§ DATA EXCERPT:
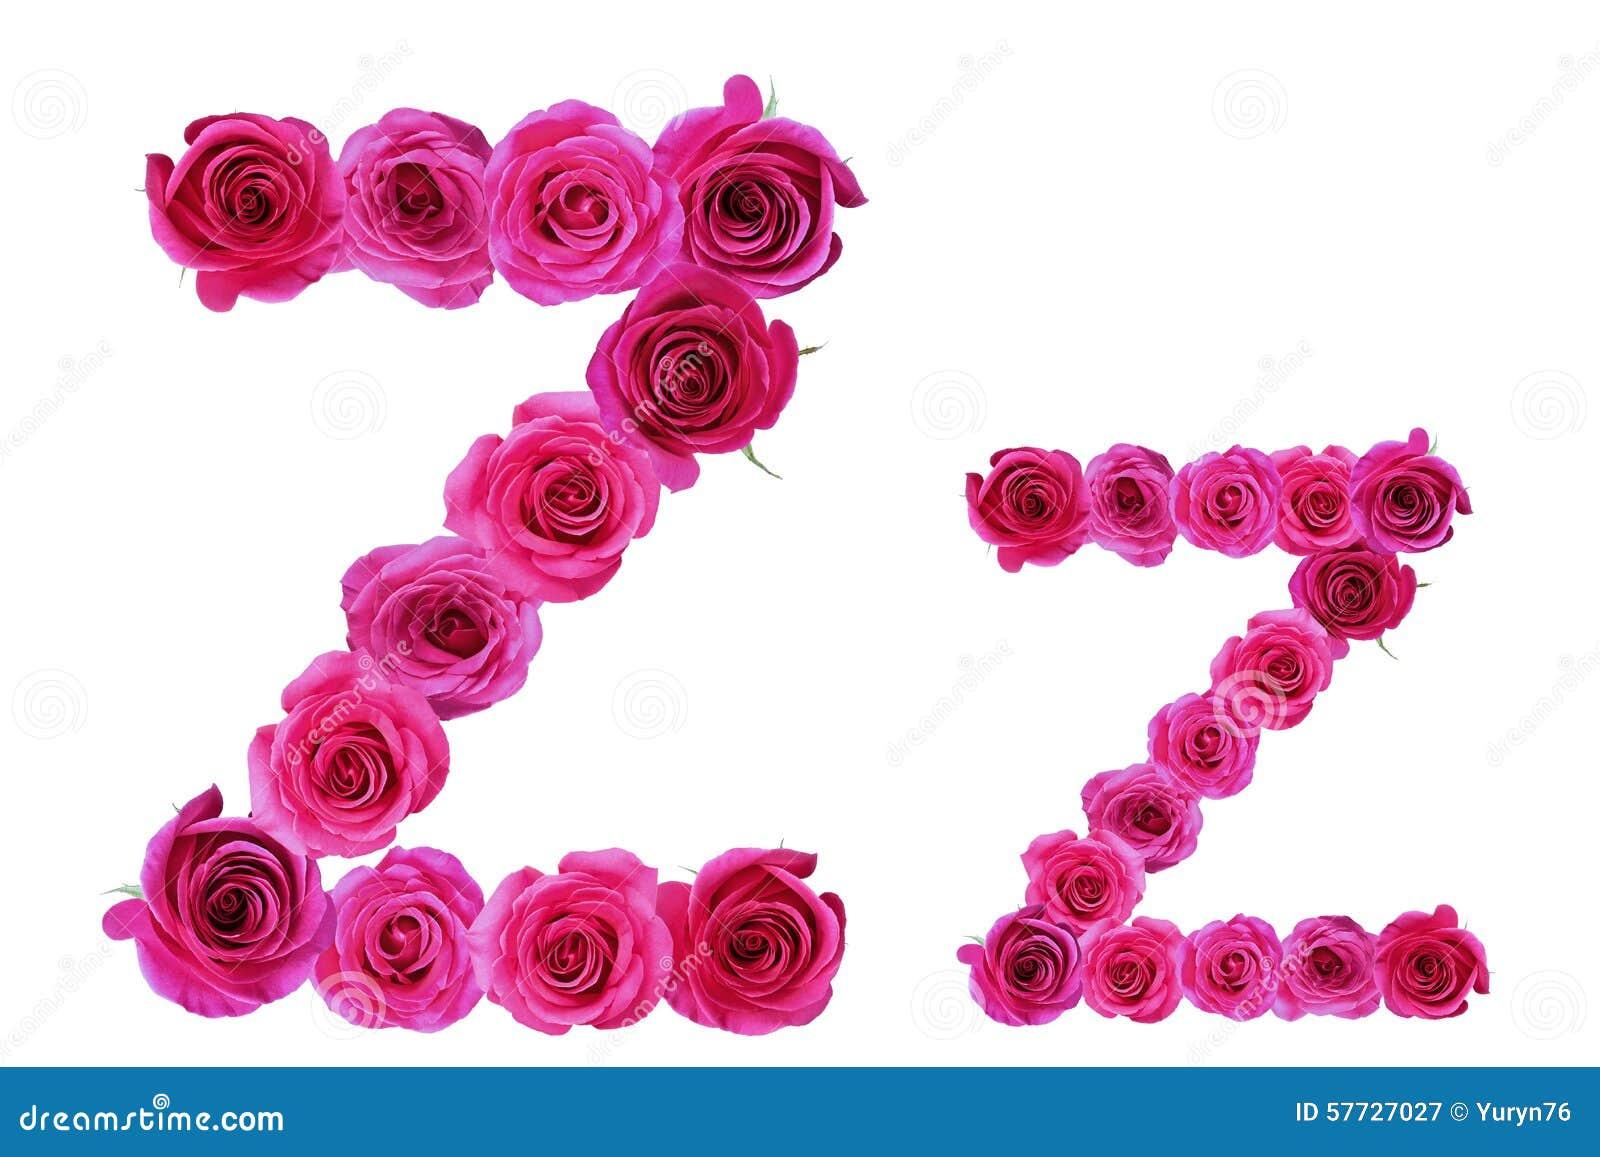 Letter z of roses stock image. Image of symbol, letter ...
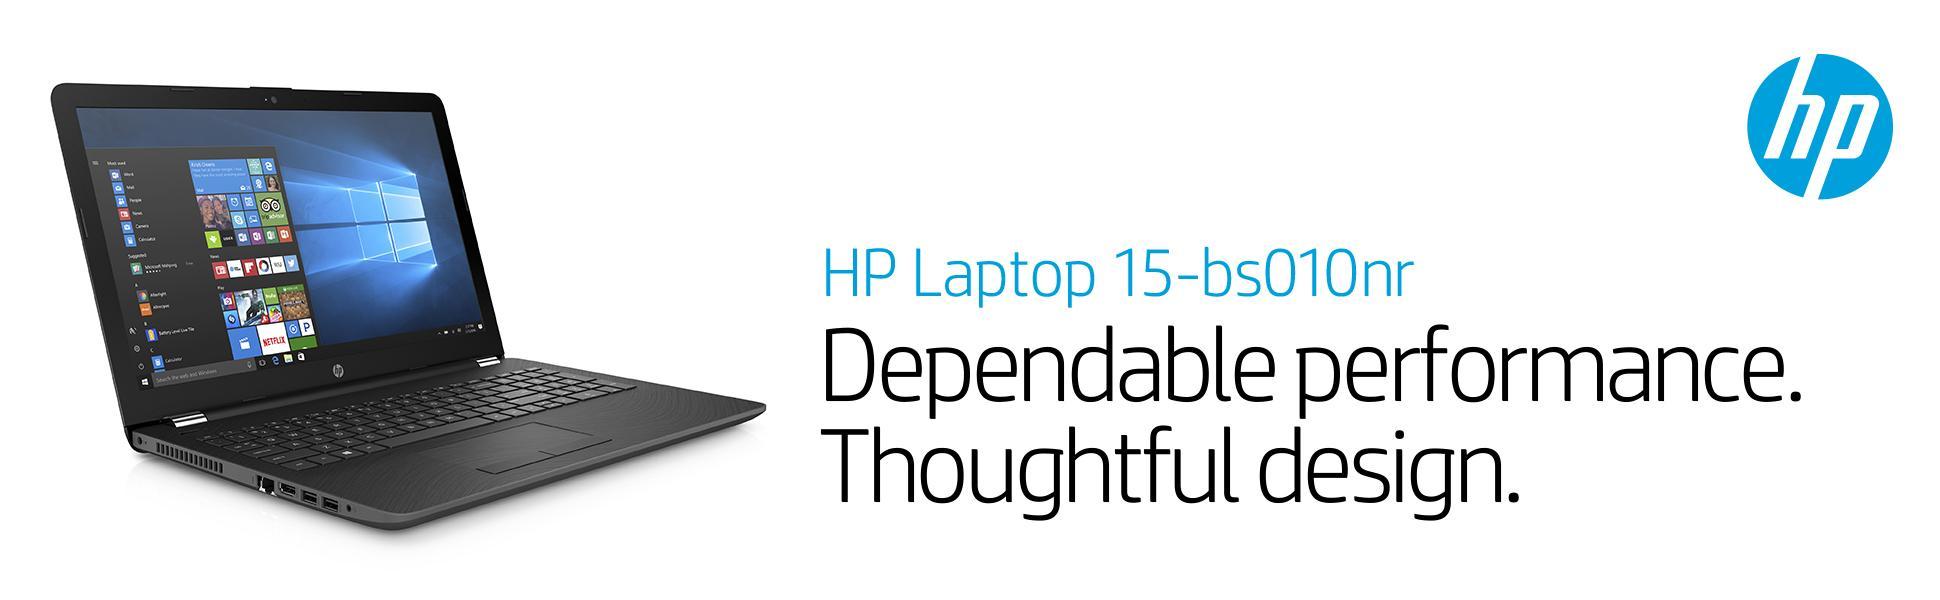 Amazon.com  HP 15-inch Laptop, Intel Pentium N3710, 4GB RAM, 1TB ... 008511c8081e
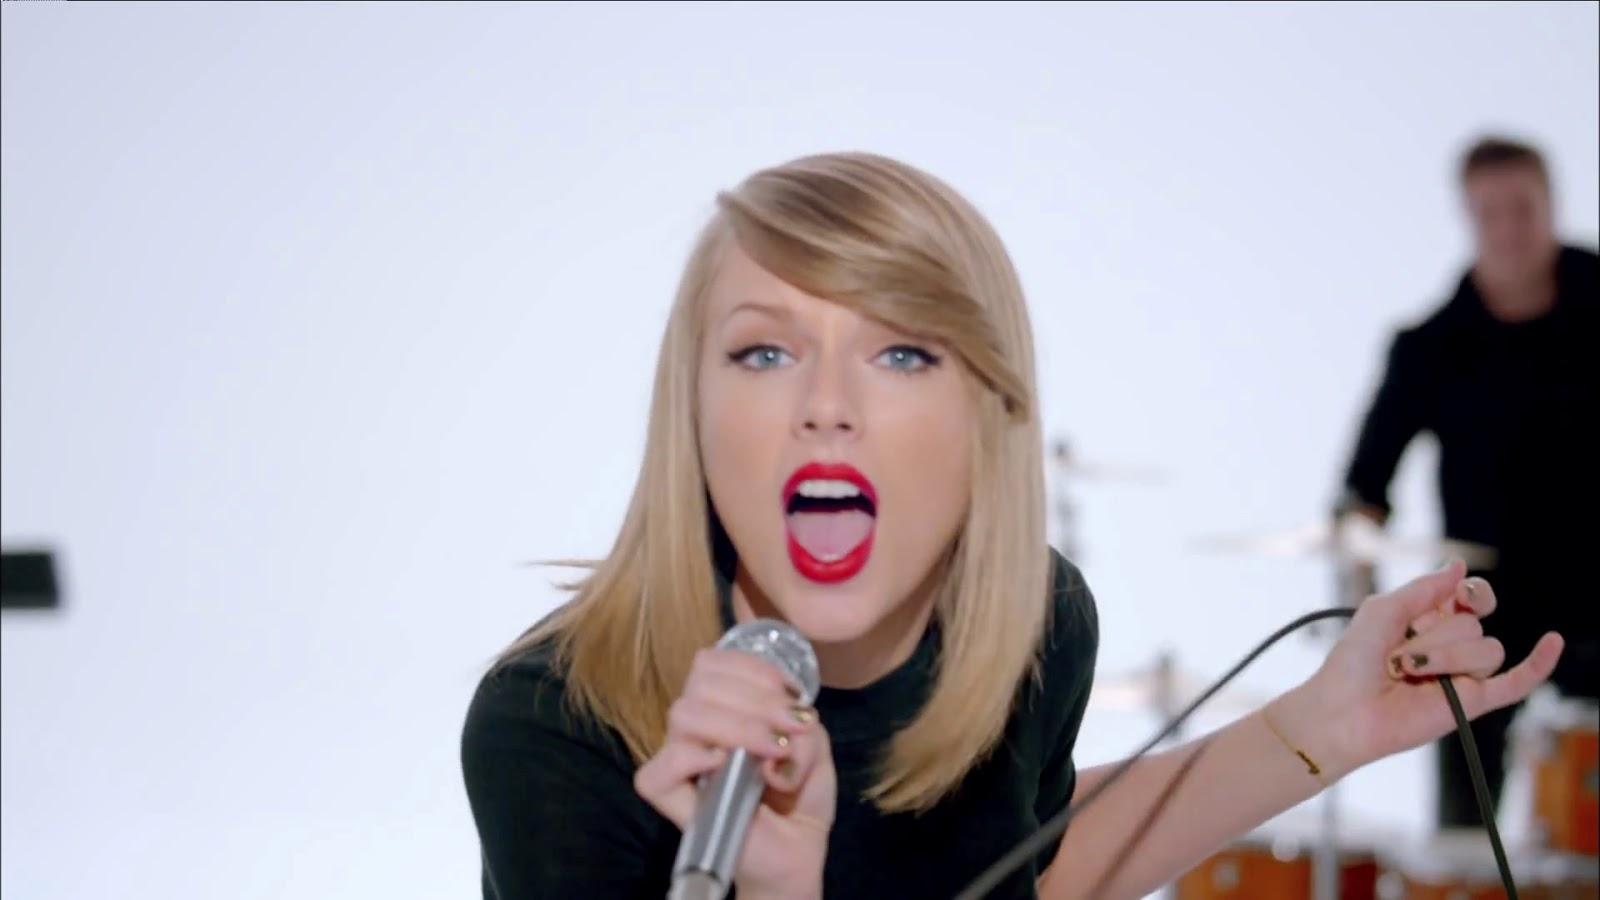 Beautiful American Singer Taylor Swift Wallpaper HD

§ HOW TO COMPLETE THIS TASK:
Copy out, with no pictures, the lines from the one containing "1TB ... 008511c8081e" through the last line of the data above, both ends included and each word unchanged.

§ OUTPUT OF THE TASK:
 Amazon.com  HP 15-inch Laptop, Intel Pentium N3710, 4GB RAM, 1TB ... 008511c8081e
 Beautiful American Singer Taylor Swift Wallpaper HD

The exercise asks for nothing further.